Le conflit provoque de graves dommages environnementaux. Les pays africains doivent activement trouver des solutions diplomatiques.

La crise de la mer Rouge est devenue une préoccupation primordiale, en grande partie parce qu'elle perturbe le commerce mondial, mais aussi parce qu’elle a des répercussions environnementales considérables. Aux affrontements s'ajoutent d'autres facteurs de stress environnementaux avec des risques de dommages irréversibles à la santé des océans. L'Afrique doit agir de toute urgence.

Le 27 janvier, les Houthis ont attaqué le pétrolier Marlin Luanda, un navire britannique, en réponse aux frappes aériennes des États-Unis et du Royaume-Uni. Le pétrolier a pris feu et a été gravement endommagé.

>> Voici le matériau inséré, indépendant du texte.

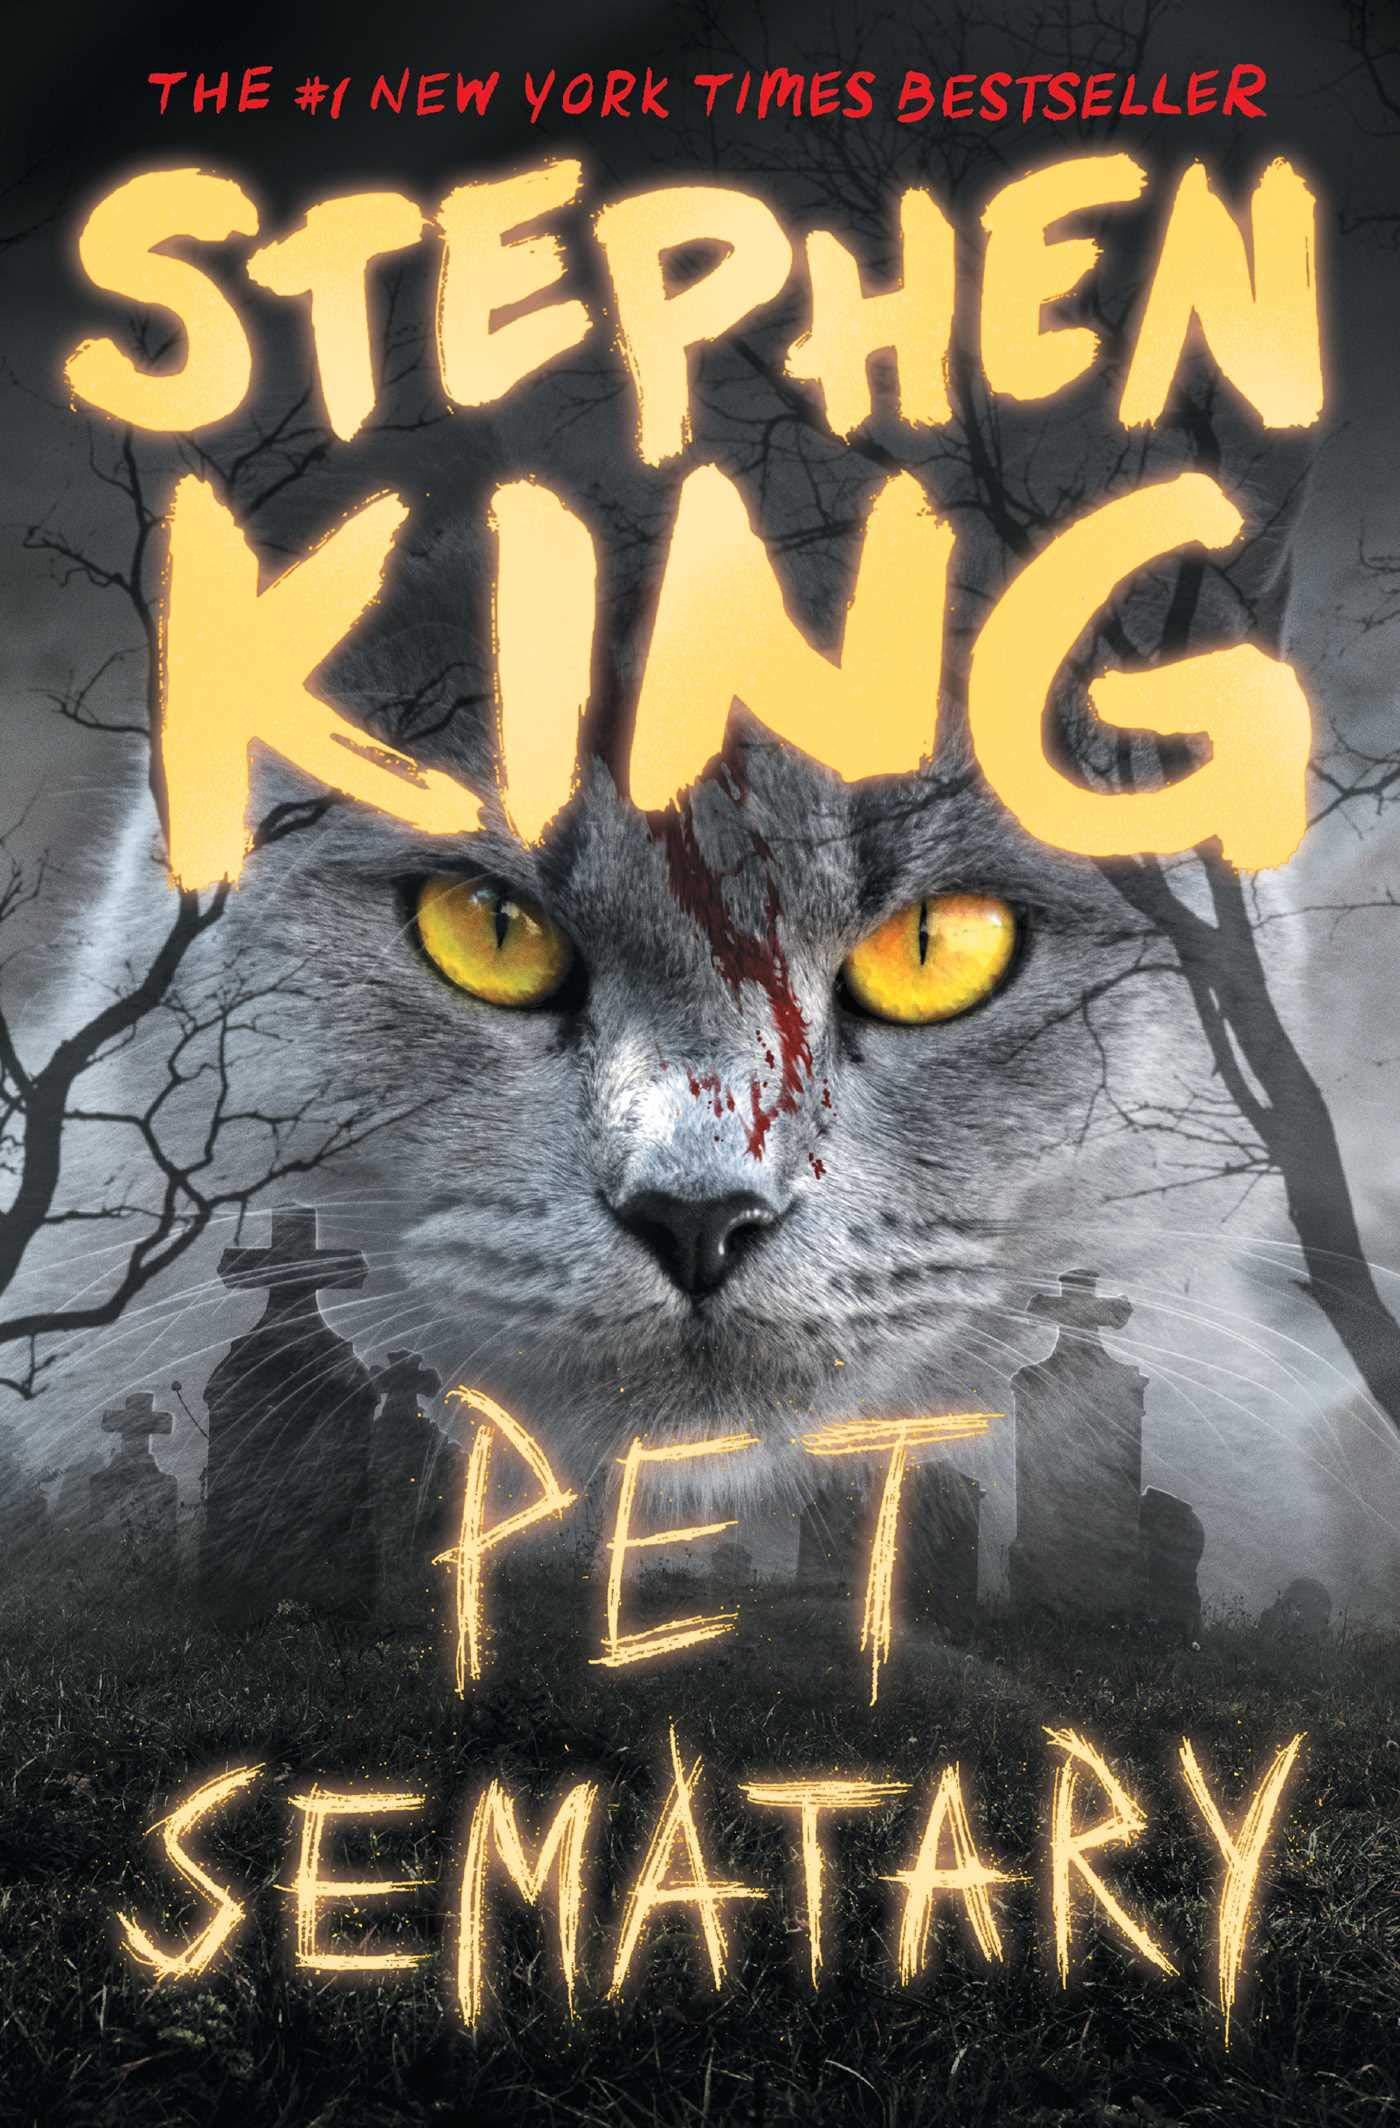 Pet Sematary: King, Stephen: 9781982112394: Amazon.com: Books

Il s'agissait de l'une des nombreuses attaques de pétroliers en mer Rouge depuis la mi-décembre 2023.

Le conflit se déroule à un moment où la pression augmente dans la région en raison de la croissance démographique, du changement climatique et du développement côtier. L'écosystème récifal de la mer Rouge assure la sécurité alimentaire et procure des moyens de subsistance à 28 millions d'habitants du littoral. Des déversements d'hydrocarbures dans ces eaux engendreraient de graves dommages, en contaminant les écosystèmes marins, en détruisant des récifs coralliens vitaux et en portant atteinte à des populations de poissons déjà surexploitées. Les efforts de nettoyage seraient coûteux et chronophages dans une région qui manque de capacités en termes de sécurité maritime.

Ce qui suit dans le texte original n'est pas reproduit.